The former LAPD sergeant who went to prison for his involvement in the Rodney King beating is in trouble with the law again.

According to multiple news reports out of Los Angeles County, 67-year-old Stacey Koon was arrested on suspicion of DUI after he crashed into a parked car Tuesday (May 1).

Koon was driving a 1999 GMC Yukon along Heather Lane west of Greenwood Place around 3:30 p.m. Tuesday afternoon when he slammed into a parked pickup truck, according to a California Highway Patrol incident report.

Authorities said Koon, who was the only person involved in the wreck, sustained no visible injuries from the collision. Someone who witnessed the crash called 911, and the investigating officer who arrived at the scene determined that Koon was under the influence of alcohol at the time of the crash.

The California Highway Patrol said that Koon’s BAC (blood alcohol content) was over the legal limit by a “decent amount,” but not double the limit. The CHP report noted that Koon was “police and cooperative throughout the incident.”

Koon, who suffered no visible injuries in the crash, was booked at the sheriff’s Santa Clarita Valley station and has since been released.

Koon was the police sergeant in charge when Rodney King was brutally attacked by LAPD officers. Koon—who at the time of the King beating was a 14-year LAPD veteran—was acquitted of criminal charges in a California Superior Court in April 1992 for using excessing force on King. Koon’s acquittal triggered the infamous L.A. riots of 1992.

Koon was tried in L.A. federal court in 1993 for violating King’s civil rights. He was found guilty of those charges and sentenced to 30 months in prison. He later released a memoir titled “Presumed Guilty: The Tragedy of the Rodney King Affair,” in which he maintained that he and his fellow officers did nothing wrong.

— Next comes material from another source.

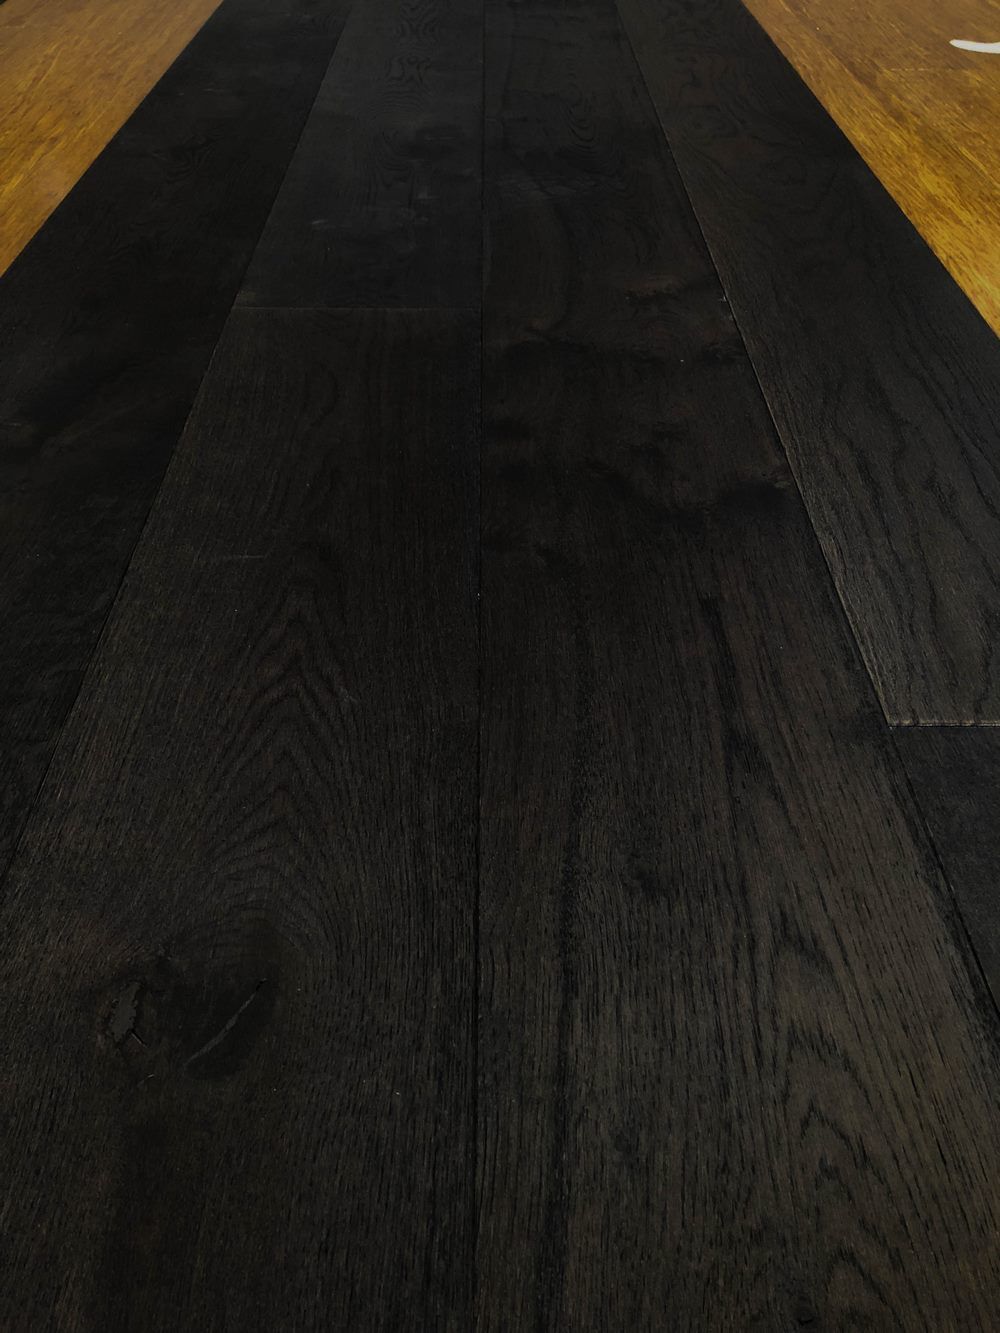 Black Oak Engineered Timber Flooring, Laminate Flooring Black Oak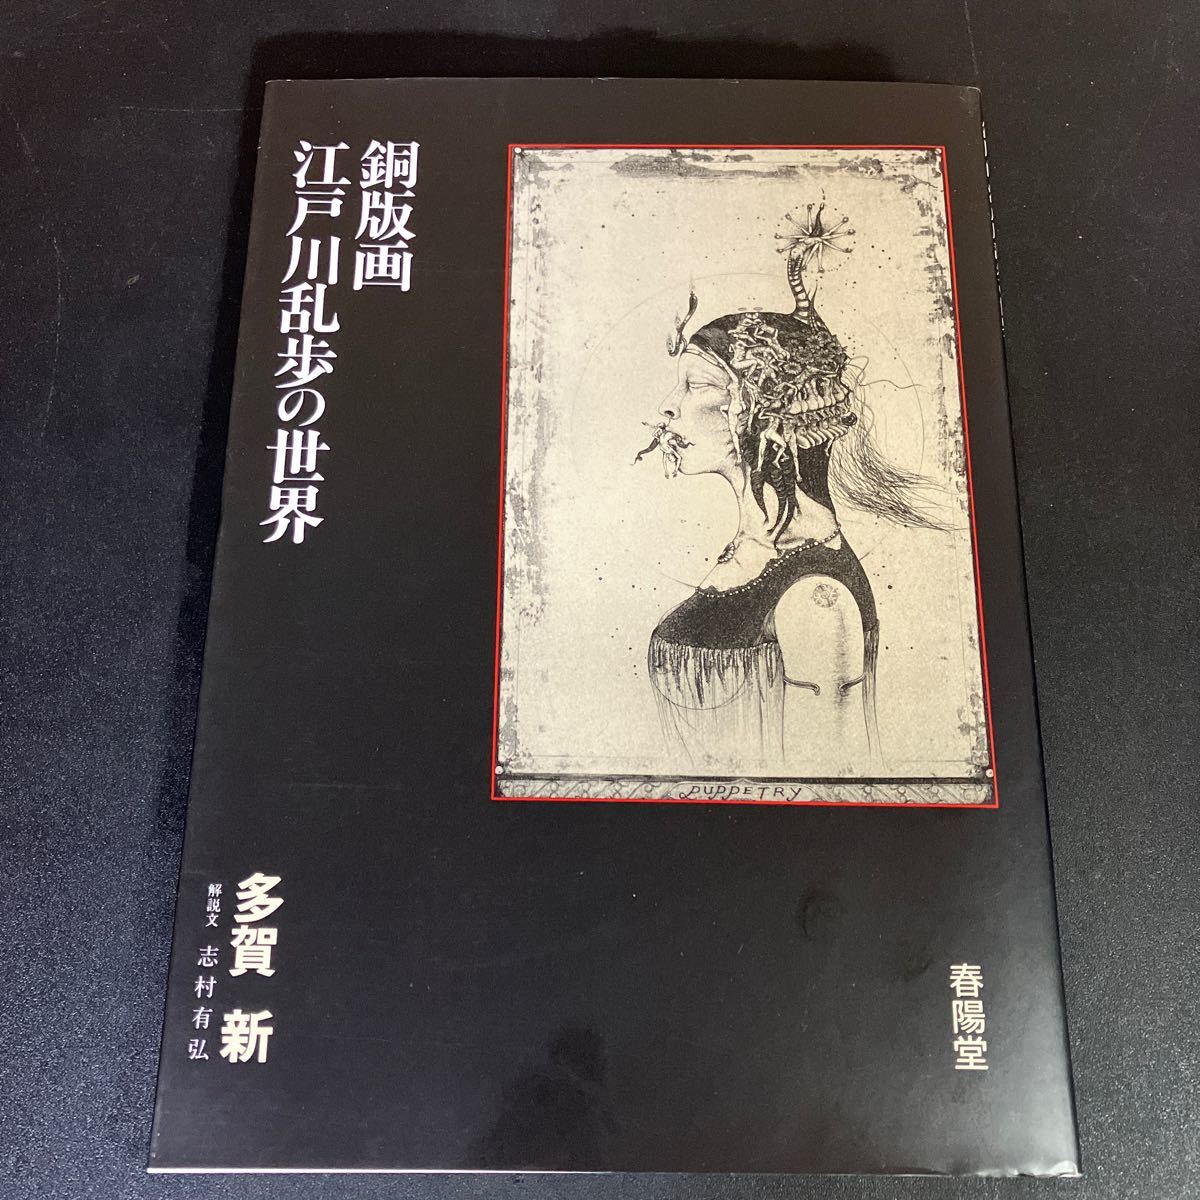 23-11-20 Copperplate: The World of Edogawa Ranpo by Arata Taga/Shunyodo, painting, Art book, Collection of works, Art book

He instead blamed the riot on the news media and city officials’ reaction to King’s televised beating.

In 2012, two decades following the Rodney King beating, Koon’s attorney said in an interview with the L.A. Times that Koon is a family man but chooses not to talk about his personal life due to continued death threats. “He’s moving forward with his life as best as he can,” Koon’s attorney told the Times.